▶ [PROVIDED DATA]
"""
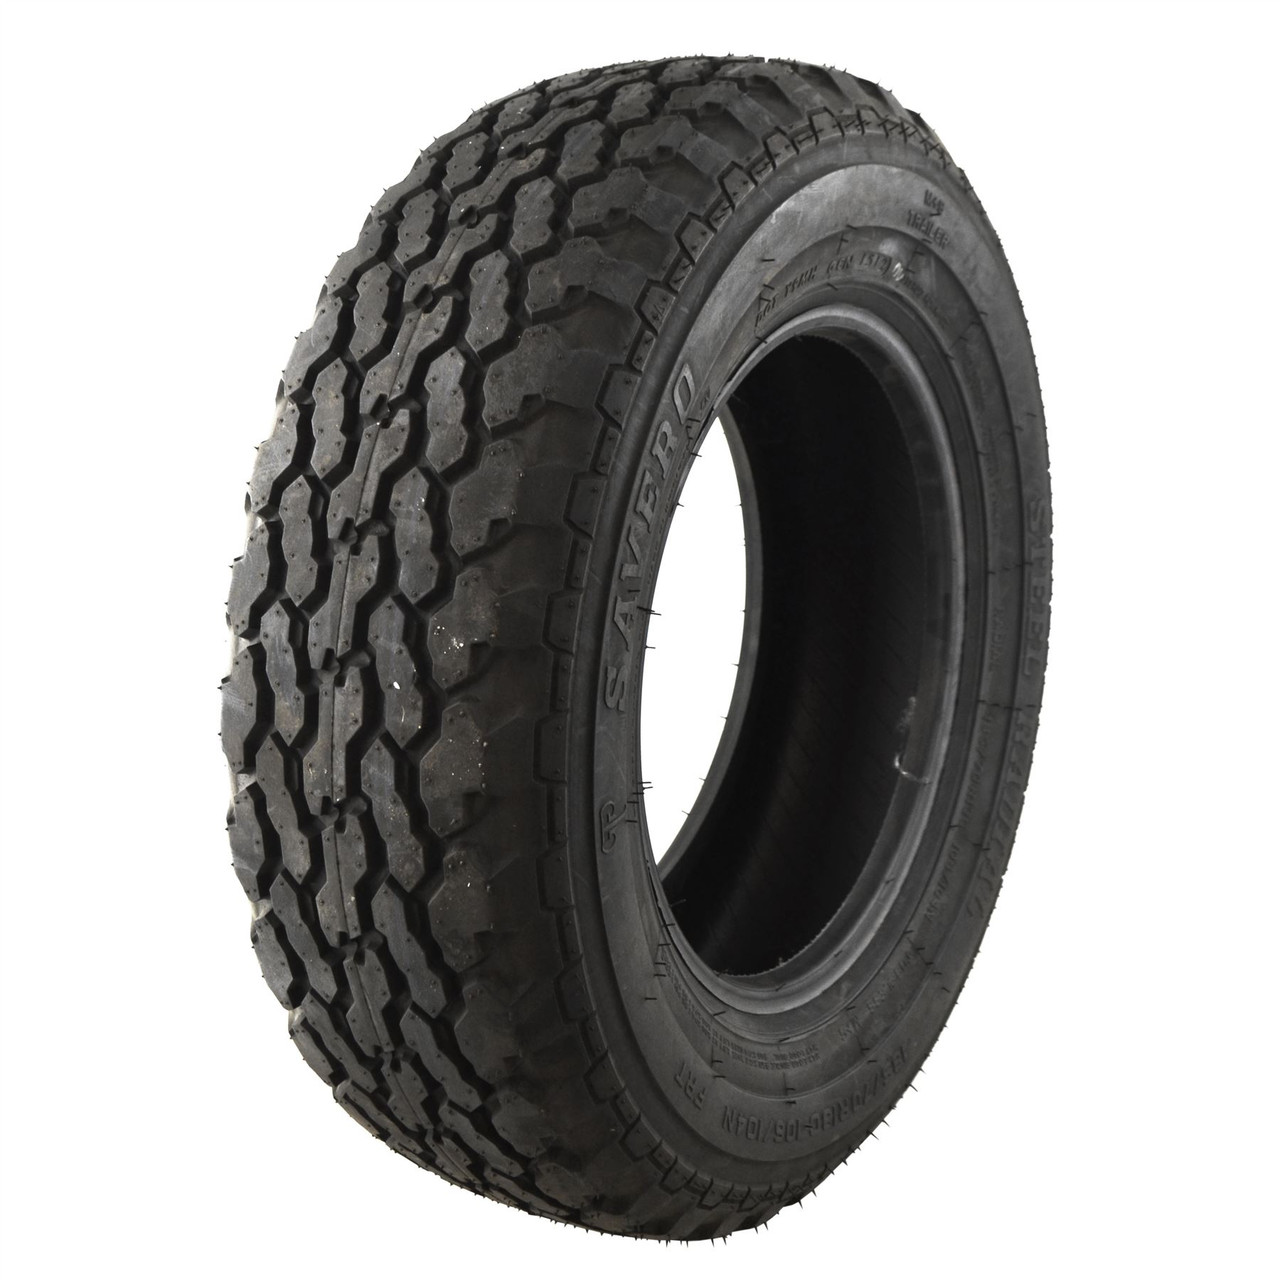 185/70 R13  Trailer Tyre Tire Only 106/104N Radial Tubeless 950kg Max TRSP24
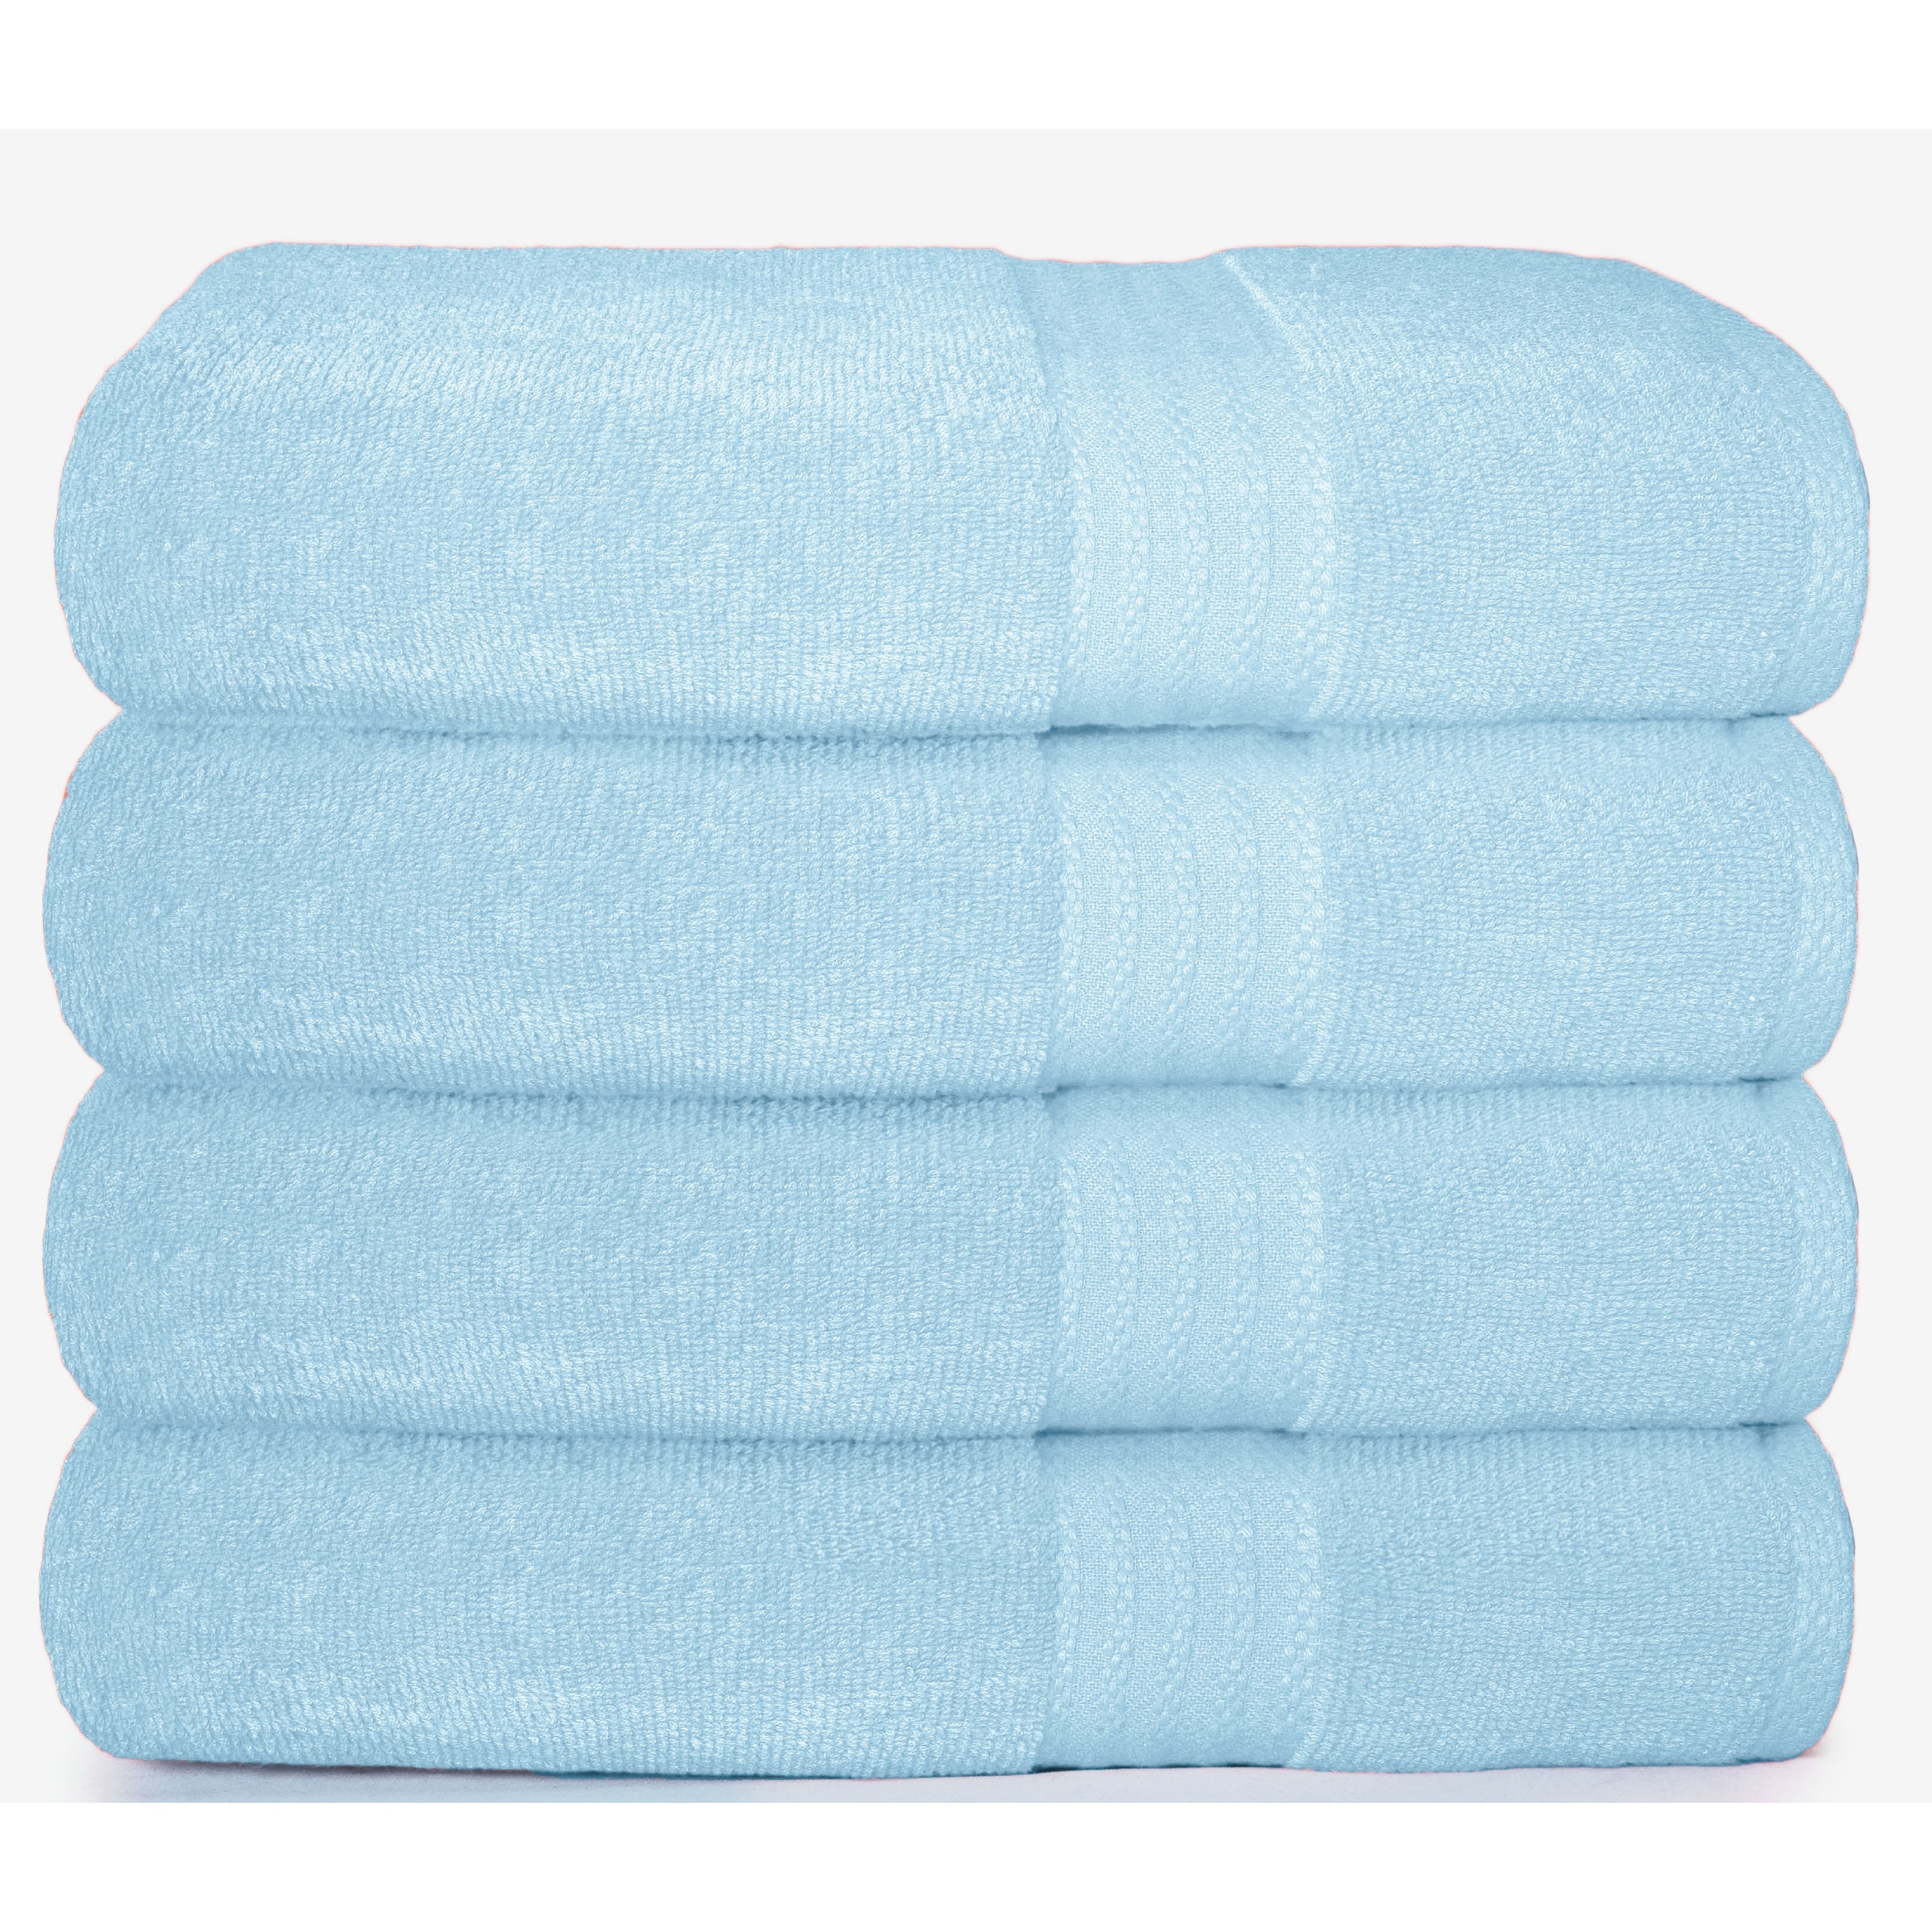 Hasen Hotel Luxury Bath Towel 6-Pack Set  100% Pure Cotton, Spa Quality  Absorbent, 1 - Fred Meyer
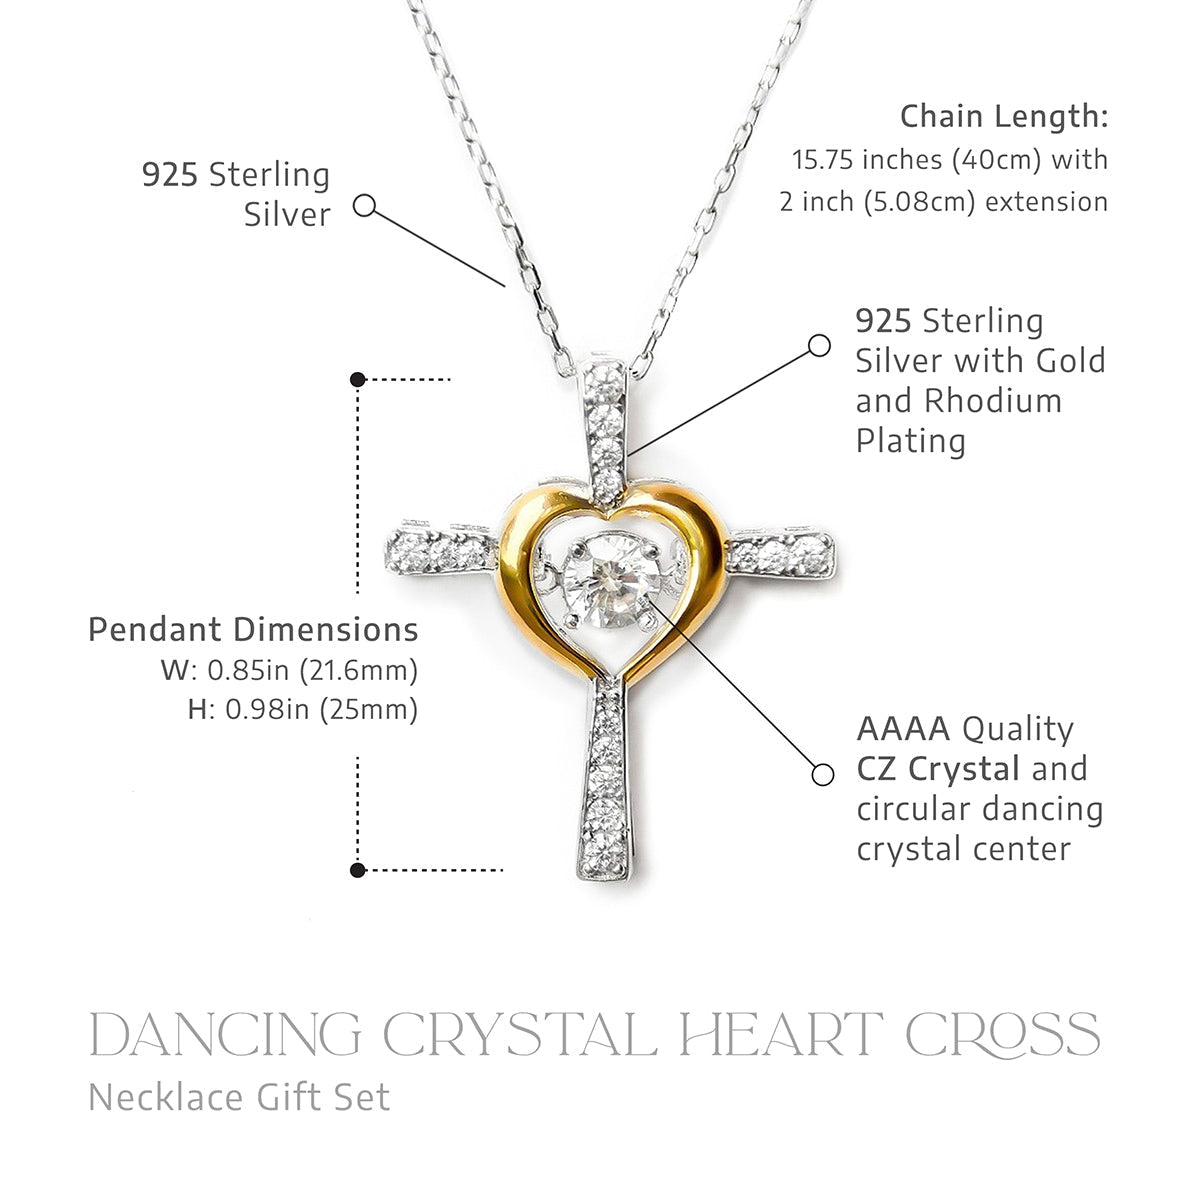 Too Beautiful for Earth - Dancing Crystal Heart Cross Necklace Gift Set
"""
▶ [EXERCISE GOAL] Would you return all the data exactly as given, minus the pictures?

▶ [RESPONSE AREA]
 185/70 R13  Trailer Tyre Tire Only 106/104N Radial Tubeless 950kg Max TRSP24
 Hasen Hotel Luxury Bath Towel 6-Pack Set  100% Pure Cotton, Spa Quality  Absorbent, 1 - Fred Meyer
 Too Beautiful for Earth - Dancing Crystal Heart Cross Necklace Gift Set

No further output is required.